▸ INPUT DATA:
┌──

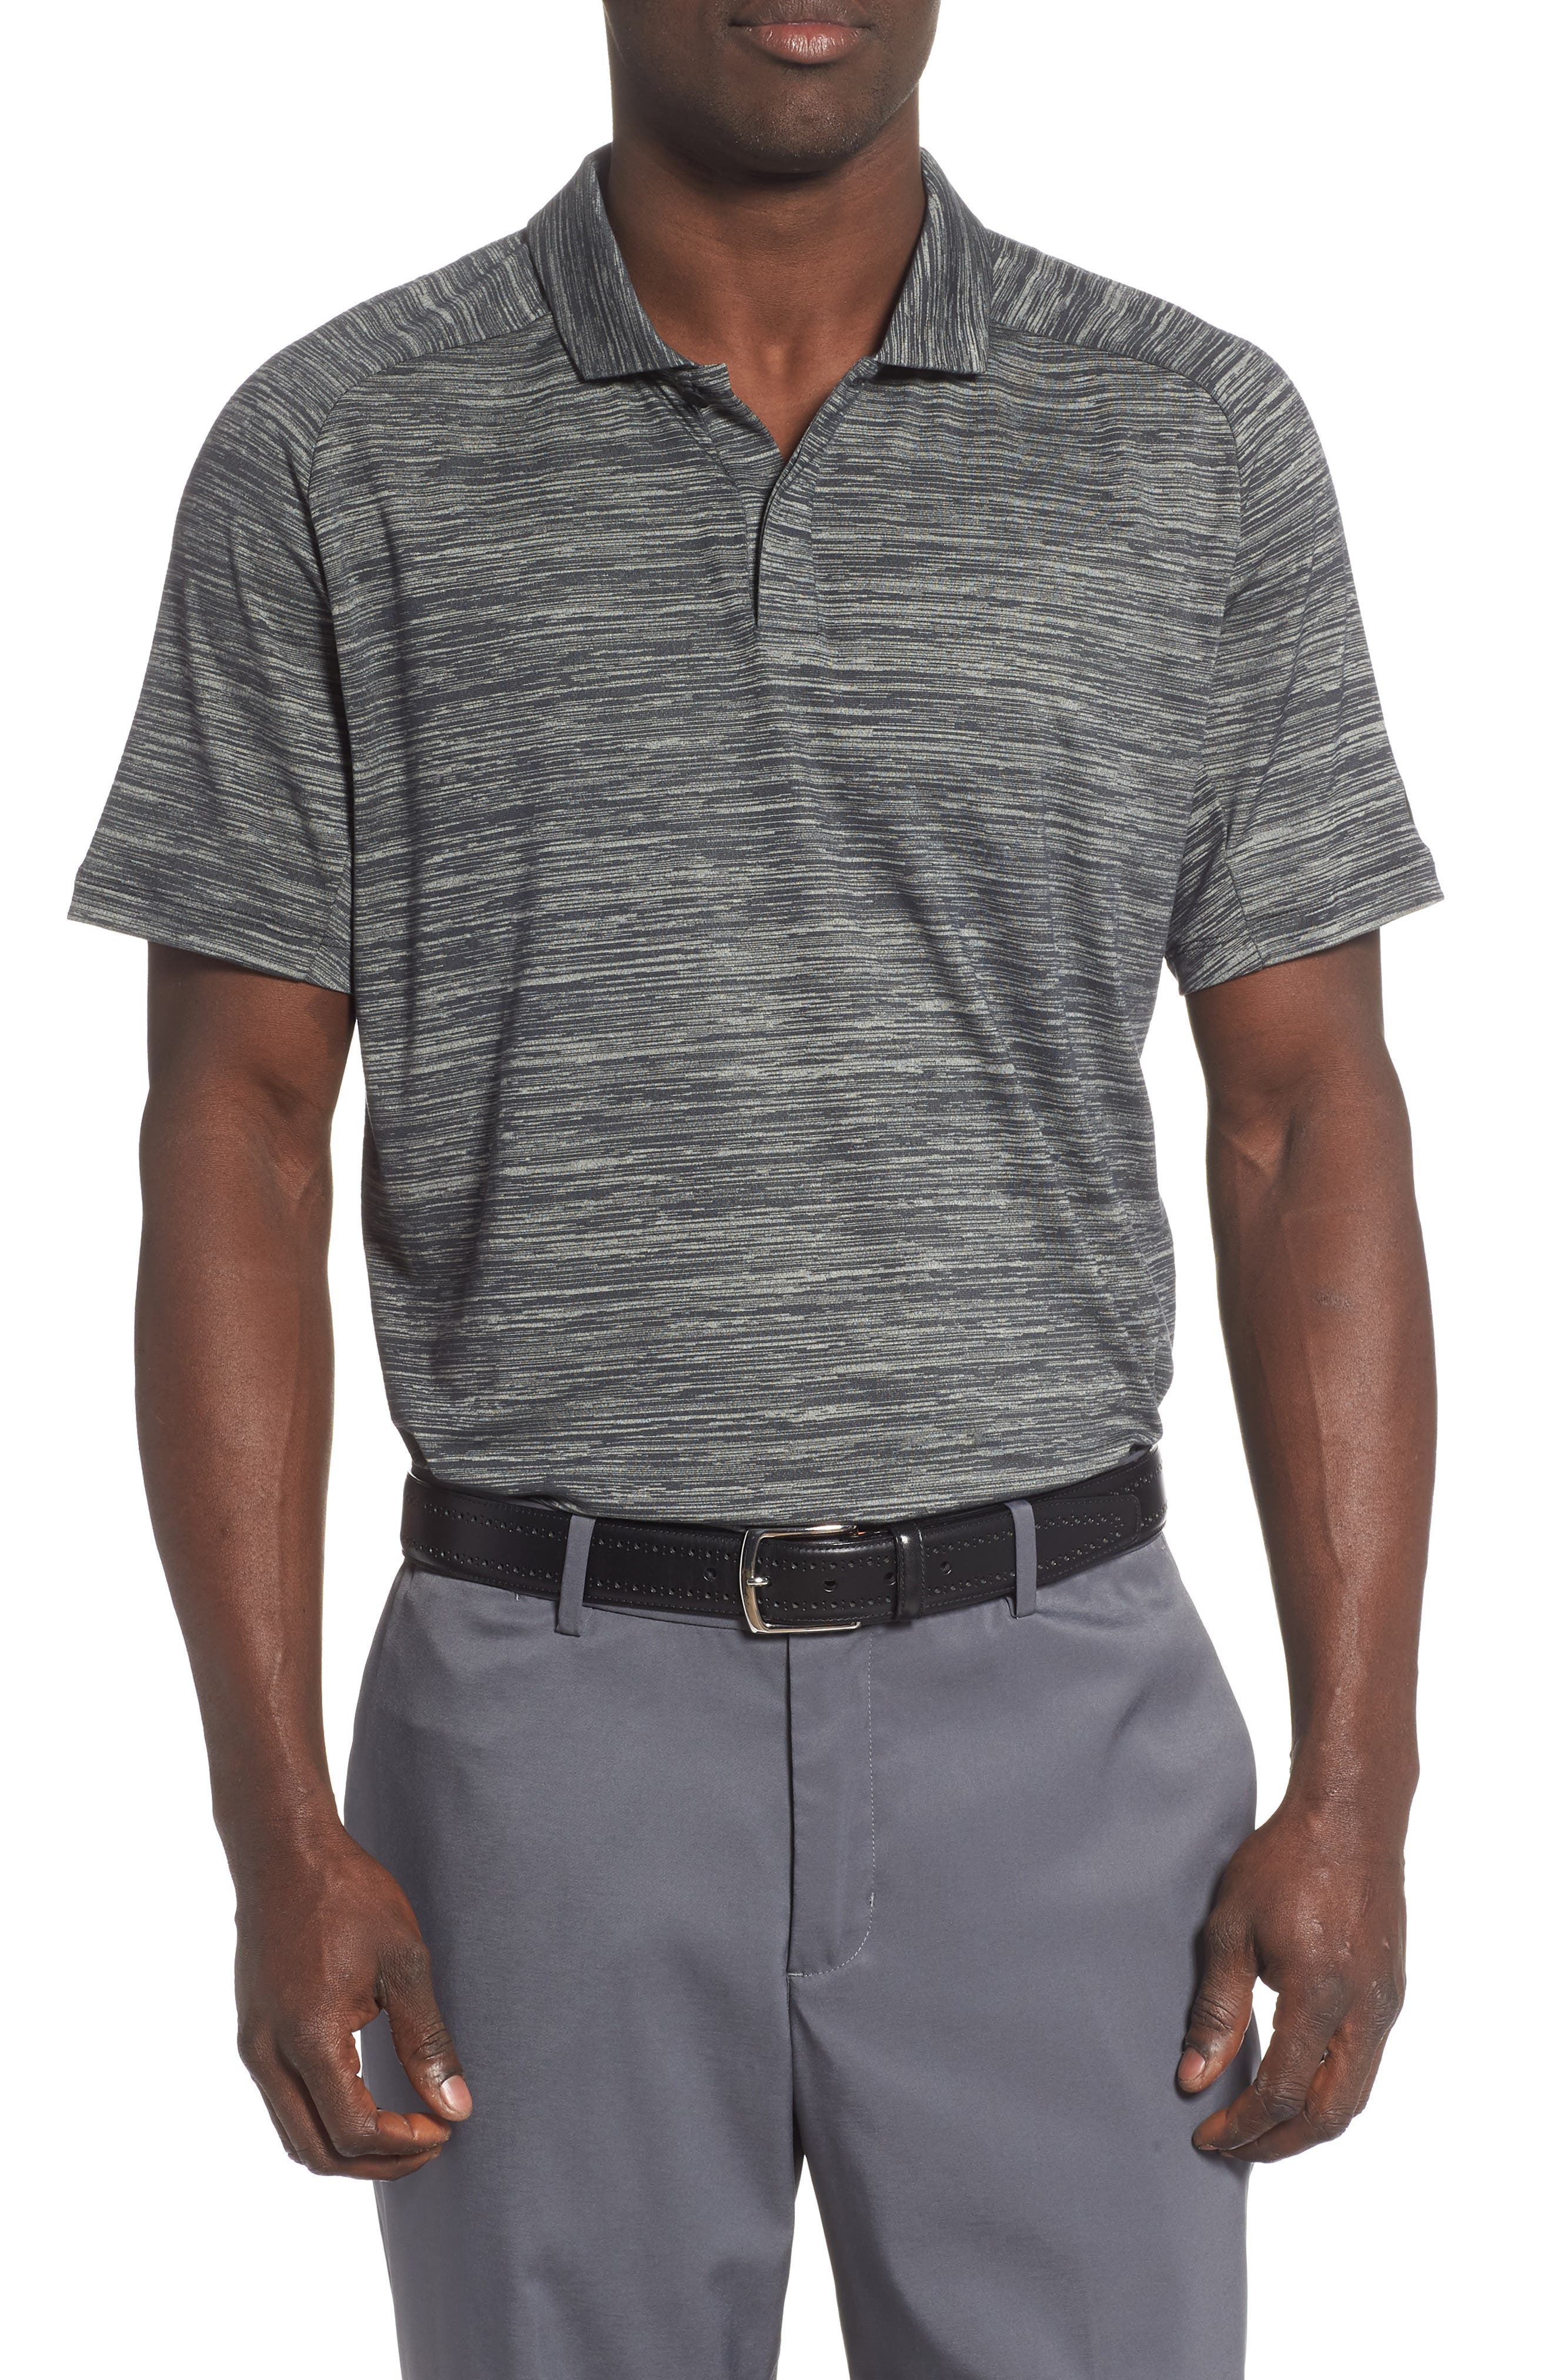 UPC 887226195327 product image for Men's Nike Dry Golf Polo | upcitemdb.com
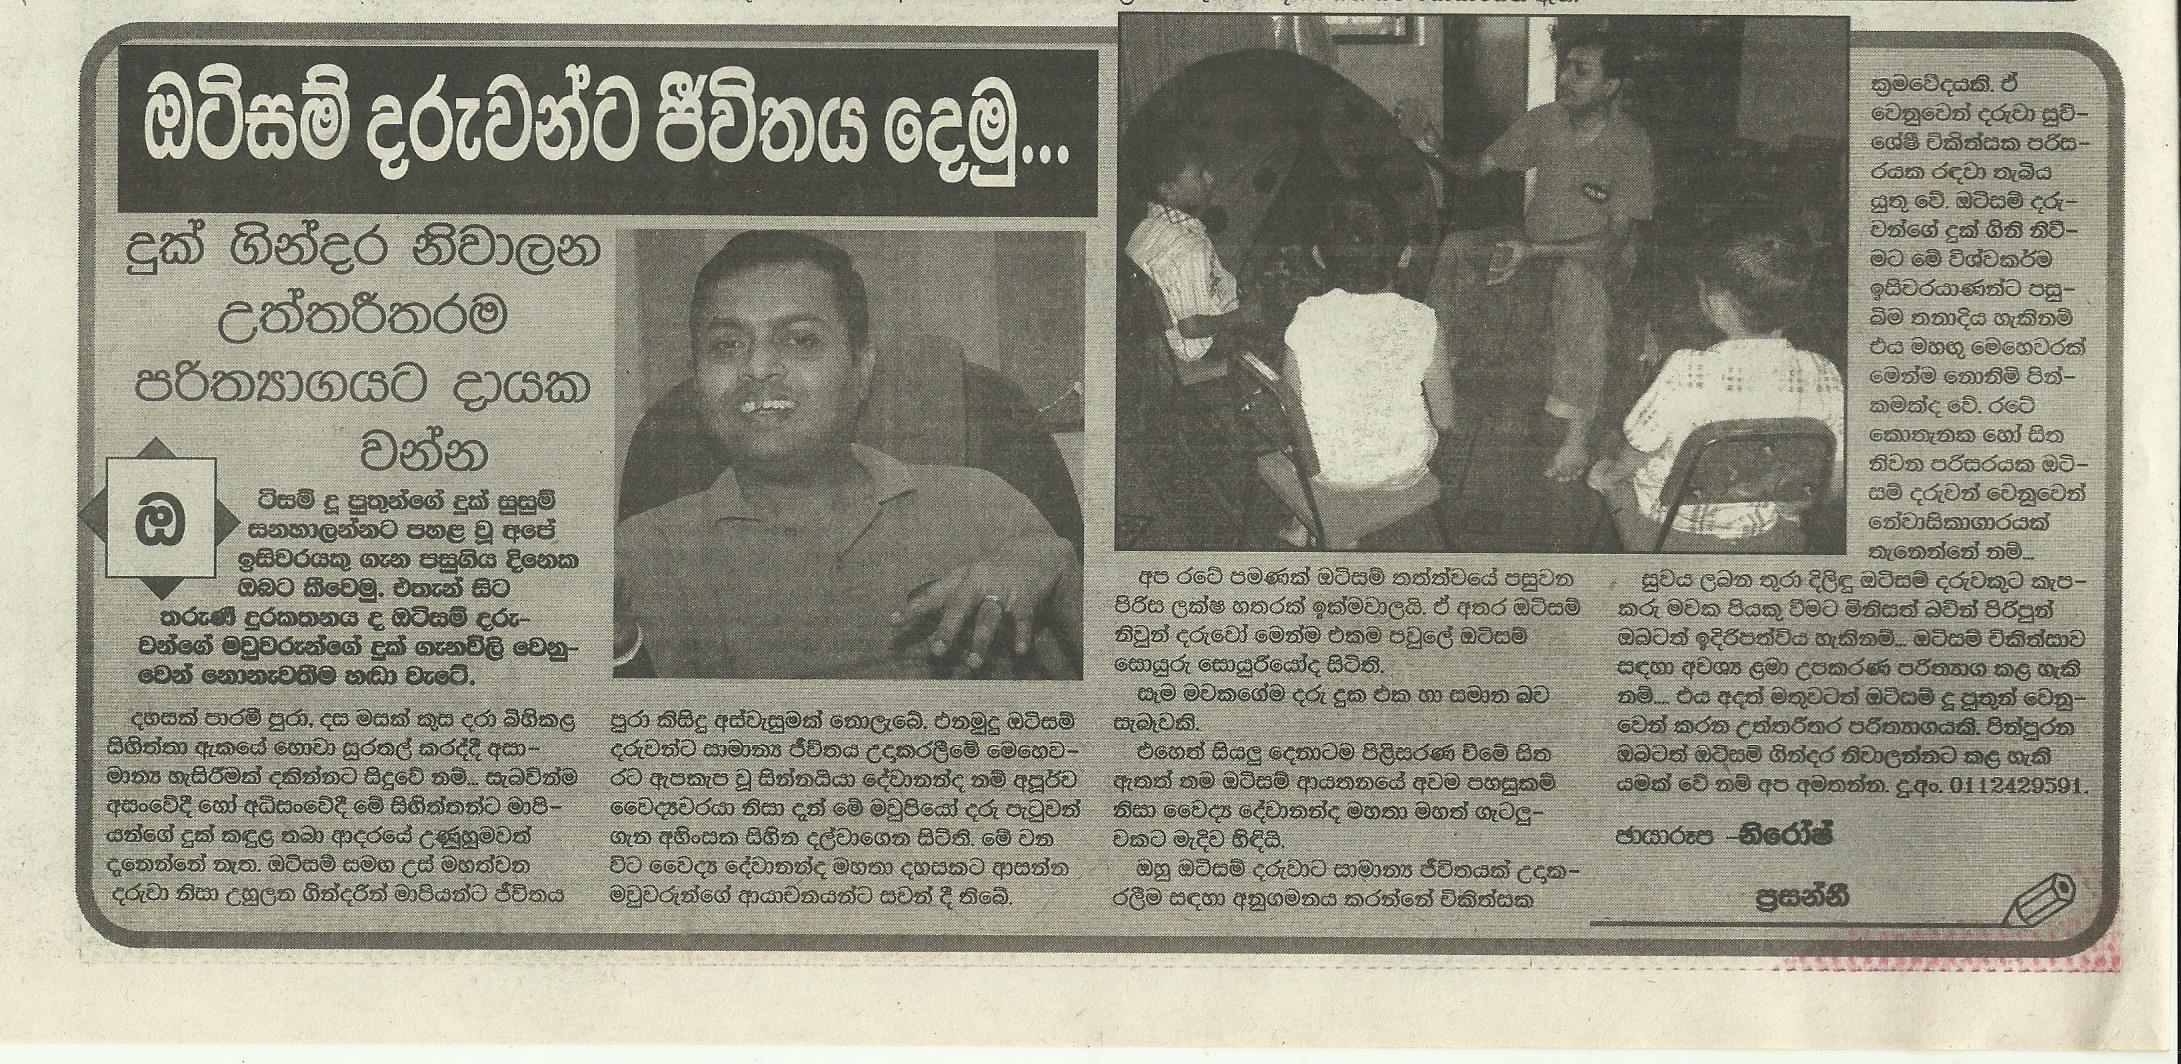 Tharuni Newspaper (22-02-2012)  page No 24
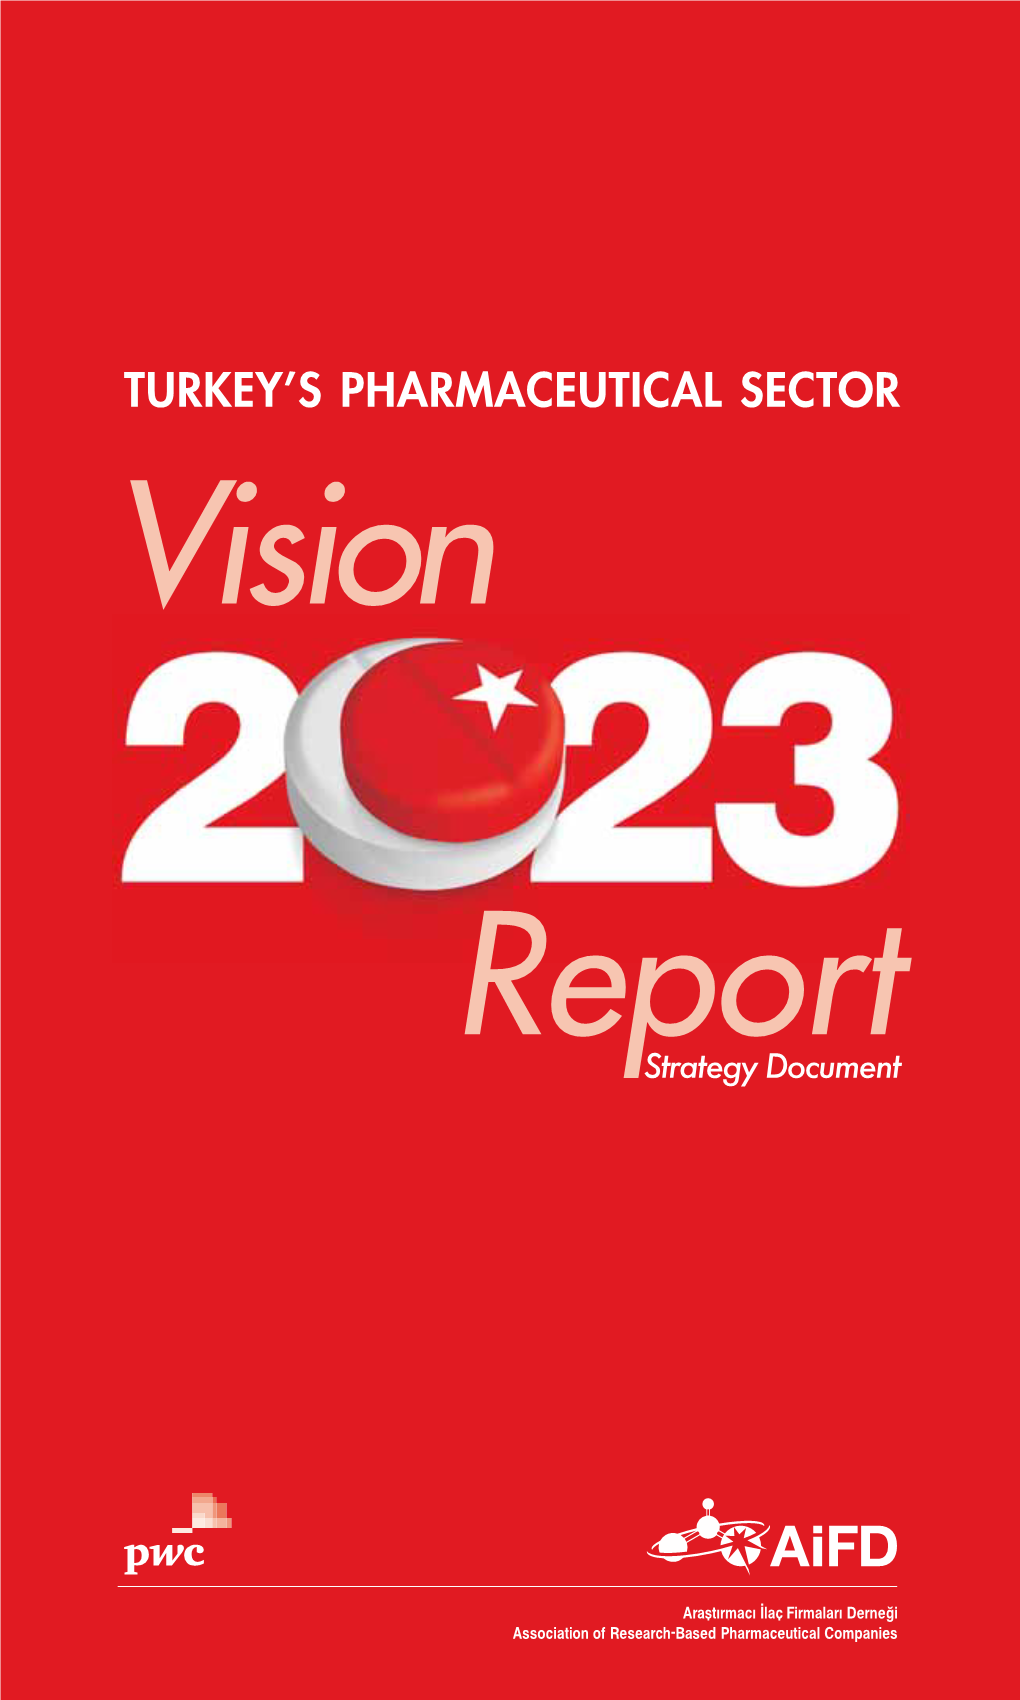 Turkey's Pharmaceutical Sector

└──

▸ PROMPT:
Print the material above once more, exactly. No pictures belong in it.

▸ OUTPUT BELOW:
 UPC 887226195327 product image for Men's Nike Dry Golf Polo | upcitemdb.com
 Tharuni Newspaper (22-02-2012)  page No 24
 Turkey's Pharmaceutical Sector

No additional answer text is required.